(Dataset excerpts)
>>>>

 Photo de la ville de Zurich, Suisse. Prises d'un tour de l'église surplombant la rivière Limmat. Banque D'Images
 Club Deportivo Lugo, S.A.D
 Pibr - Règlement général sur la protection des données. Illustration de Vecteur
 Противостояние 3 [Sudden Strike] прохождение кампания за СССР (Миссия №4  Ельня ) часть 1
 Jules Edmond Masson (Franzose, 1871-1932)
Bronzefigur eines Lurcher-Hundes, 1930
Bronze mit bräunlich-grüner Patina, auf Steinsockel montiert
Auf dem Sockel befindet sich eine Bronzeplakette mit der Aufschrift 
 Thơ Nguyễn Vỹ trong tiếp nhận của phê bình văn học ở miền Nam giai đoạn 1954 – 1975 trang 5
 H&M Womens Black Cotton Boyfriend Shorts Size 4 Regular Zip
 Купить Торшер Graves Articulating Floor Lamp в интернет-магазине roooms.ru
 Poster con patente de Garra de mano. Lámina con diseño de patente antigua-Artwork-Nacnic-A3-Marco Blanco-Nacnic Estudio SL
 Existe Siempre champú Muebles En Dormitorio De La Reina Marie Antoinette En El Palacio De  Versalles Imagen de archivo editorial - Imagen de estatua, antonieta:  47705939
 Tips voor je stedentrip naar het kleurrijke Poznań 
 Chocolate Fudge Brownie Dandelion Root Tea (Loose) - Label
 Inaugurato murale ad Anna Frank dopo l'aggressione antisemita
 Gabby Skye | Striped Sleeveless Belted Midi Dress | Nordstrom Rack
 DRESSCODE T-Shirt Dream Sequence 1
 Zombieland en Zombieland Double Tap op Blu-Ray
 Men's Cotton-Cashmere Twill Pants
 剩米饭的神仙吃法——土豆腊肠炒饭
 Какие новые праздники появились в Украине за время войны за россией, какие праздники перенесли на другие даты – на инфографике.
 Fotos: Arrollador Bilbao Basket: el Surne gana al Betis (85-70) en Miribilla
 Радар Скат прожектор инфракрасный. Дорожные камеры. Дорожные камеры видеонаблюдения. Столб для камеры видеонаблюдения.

<<<<

Copy the records above exactly.

 Photo de la ville de Zurich, Suisse. Prises d'un tour de l'église surplombant la rivière Limmat. Banque D'Images
 Club Deportivo Lugo, S.A.D
 Pibr - Règlement général sur la protection des données. Illustration de Vecteur
 Противостояние 3 [Sudden Strike] прохождение кампания за СССР (Миссия №4  Ельня ) часть 1
 Jules Edmond Masson (Franzose, 1871-1932)
Bronzefigur eines Lurcher-Hundes, 1930
Bronze mit bräunlich-grüner Patina, auf Steinsockel montiert
Auf dem Sockel befindet sich eine Bronzeplakette mit der Aufschrift 
 Thơ Nguyễn Vỹ trong tiếp nhận của phê bình văn học ở miền Nam giai đoạn 1954 – 1975 trang 5
 H&M Womens Black Cotton Boyfriend Shorts Size 4 Regular Zip
 Купить Торшер Graves Articulating Floor Lamp в интернет-магазине roooms.ru
 Poster con patente de Garra de mano. Lámina con diseño de patente antigua-Artwork-Nacnic-A3-Marco Blanco-Nacnic Estudio SL
 Existe Siempre champú Muebles En Dormitorio De La Reina Marie Antoinette En El Palacio De  Versalles Imagen de archivo editorial - Imagen de estatua, antonieta:  47705939
 Tips voor je stedentrip naar het kleurrijke Poznań 
 Chocolate Fudge Brownie Dandelion Root Tea (Loose) - Label
 Inaugurato murale ad Anna Frank dopo l'aggressione antisemita
 Gabby Skye | Striped Sleeveless Belted Midi Dress | Nordstrom Rack
 DRESSCODE T-Shirt Dream Sequence 1
 Zombieland en Zombieland Double Tap op Blu-Ray
 Men's Cotton-Cashmere Twill Pants
 剩米饭的神仙吃法——土豆腊肠炒饭
 Какие новые праздники появились в Украине за время войны за россией, какие праздники перенесли на другие даты – на инфографике.
 Fotos: Arrollador Bilbao Basket: el Surne gana al Betis (85-70) en Miribilla
 Радар Скат прожектор инфракрасный. Дорожные камеры. Дорожные камеры видеонаблюдения. Столб для камеры видеонаблюдения.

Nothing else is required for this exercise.